Sunday, August 05, 2007

Interview with a Young Afghan Girl: "If I go to school who is going to take care of my little brother and sister? "

Every day her mother makes her some Bolani (Afghan fast food) and sells each one for 5 afg, almost ten cents.

She is 9 years old and wishes to go to school one day. She wishes that one day they'll have food at home and a schoolbag for her brother. She wishes for the day when he will have shoes on his feet. She is tired.

I asked her if she likes to go to school.

"If I go to school who is going to take care of my little brother and sister? Who is going to feed my mother? We don’t have a home, we don't have food, and we don't have money. That is why I am coming to the street to sell Bolani and earn a little money, to buy food for my family", she answered.

I looked down at her feet in the old torn shoes. Her toes came out and were terribly harmed. She suffers from her long walks to reach this place to sell her bread.
"Look I have no shoes to go to school; I walk 30 minutes to get here.
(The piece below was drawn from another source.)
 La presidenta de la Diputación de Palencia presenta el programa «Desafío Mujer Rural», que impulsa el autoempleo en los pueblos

And here I am not comfortable also, because the traffic comes towards me, forcing me to leave this place. At night when I go back home I am tired and I can’t play. So I go to sleep and early in the morning I wake up again and take me and my breads back to this place", she said.

Interview by Afghan Lord.

Legalizing education for girls, and even building schools isn't enough to ensure the education of girls (or boys). The ongoing fighting and the resulting lack of stability means little economic activity and much grinding poverty for much of the Afghan population. Poor children, as illustrated here by this interview, cannot attend school, even when it is available. They do what they can to survive. Until the airstrikes and heavy fighting stop, the country cannot truly be rebuilt, poverty and womens rights cannot be dealt with, and things like womens' rights and the education of girls will continue to be only a dream. As I've said before, Canada and the other NATO countries are using the women of Afghanistan to justify their military occupation to their own people. For the Afghan people, the Taliban pose only as much a threat as the warlords pose - the warlords we are allied with.
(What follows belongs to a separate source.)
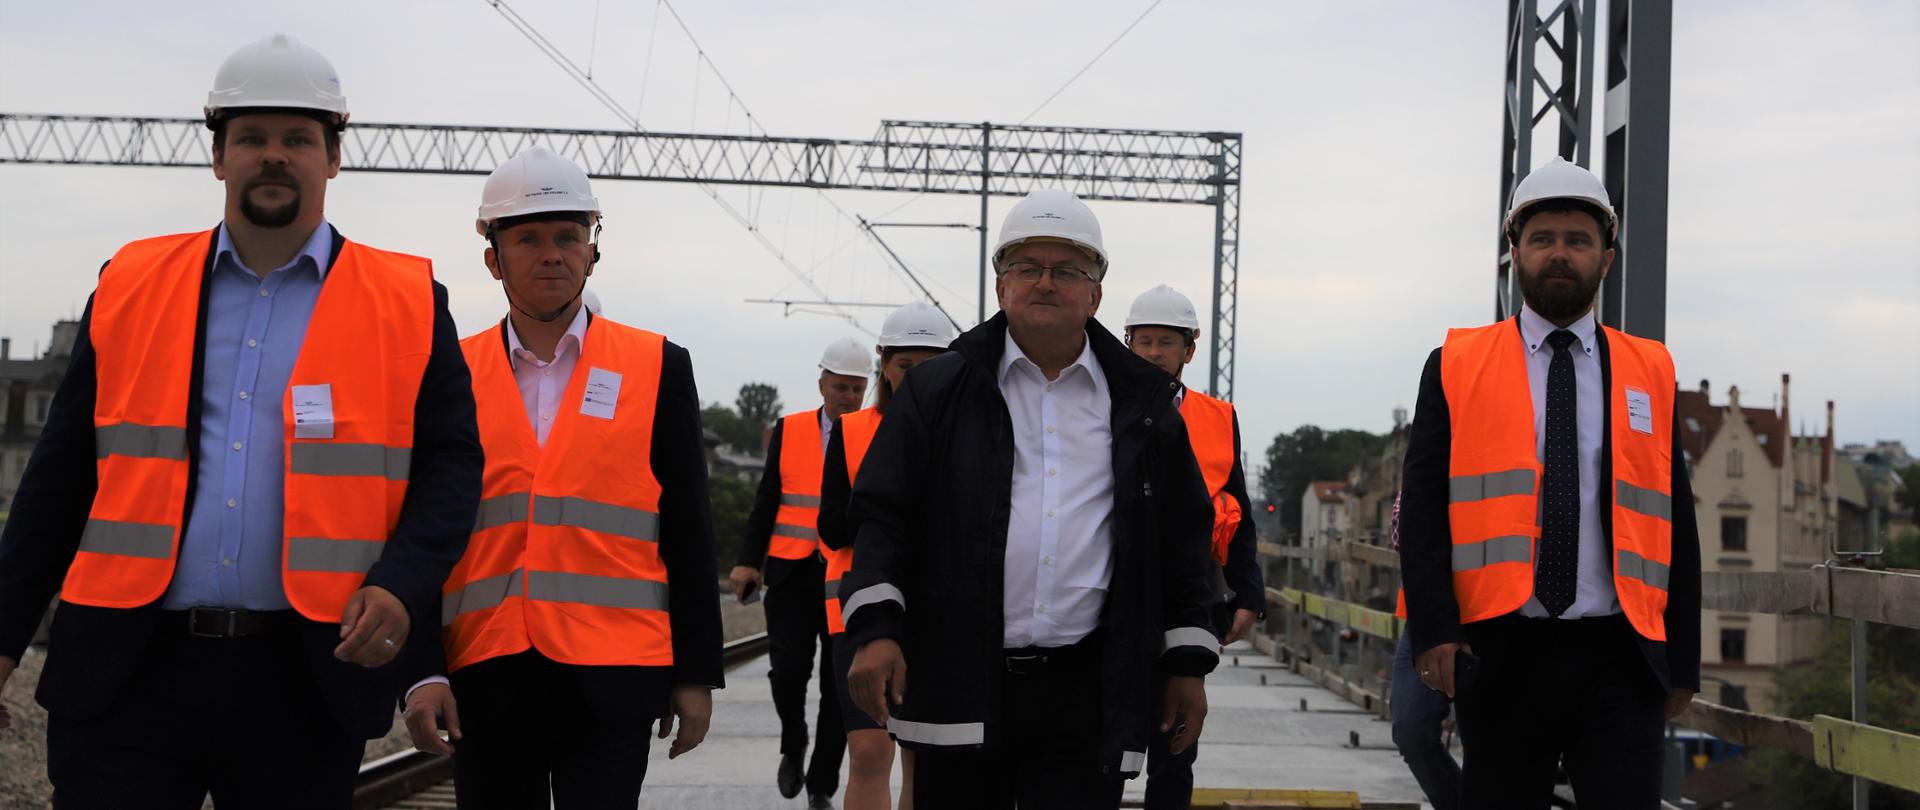 Minister infrastruktury Andrzej Adamczyk uczestniczył w konferencji prasowej podczas której podpisano porozumienie na zagospodarowanie terenu pod estakadami kolejowymi w Krakowie

- Every 30 minutes, an Afghan woman dies during childbirth
- 87 percent of Afghan women are illiterate
- 30 percent of girls have access to education in Afghanistan
- 1 in every 3 Afghan women experience physical, psychological or sexual violence
- 44 years is the average life expectancy rate for women in Afghanistan
- 70 to 80 percent of women face forced marriages in Afghanistan
Source: IRIN News, March 8, 2007

Or maybe, as the Fraser Institute thinks, making them pay for education is the answer.

1 comment:

Anonymous said...


Human Rights Watch will be screening "Buddha Collapsed Out Of Shame" during this year's film festival (February 28 - March 5).

It's a wonderful dramatization of many of the issues raised in your post.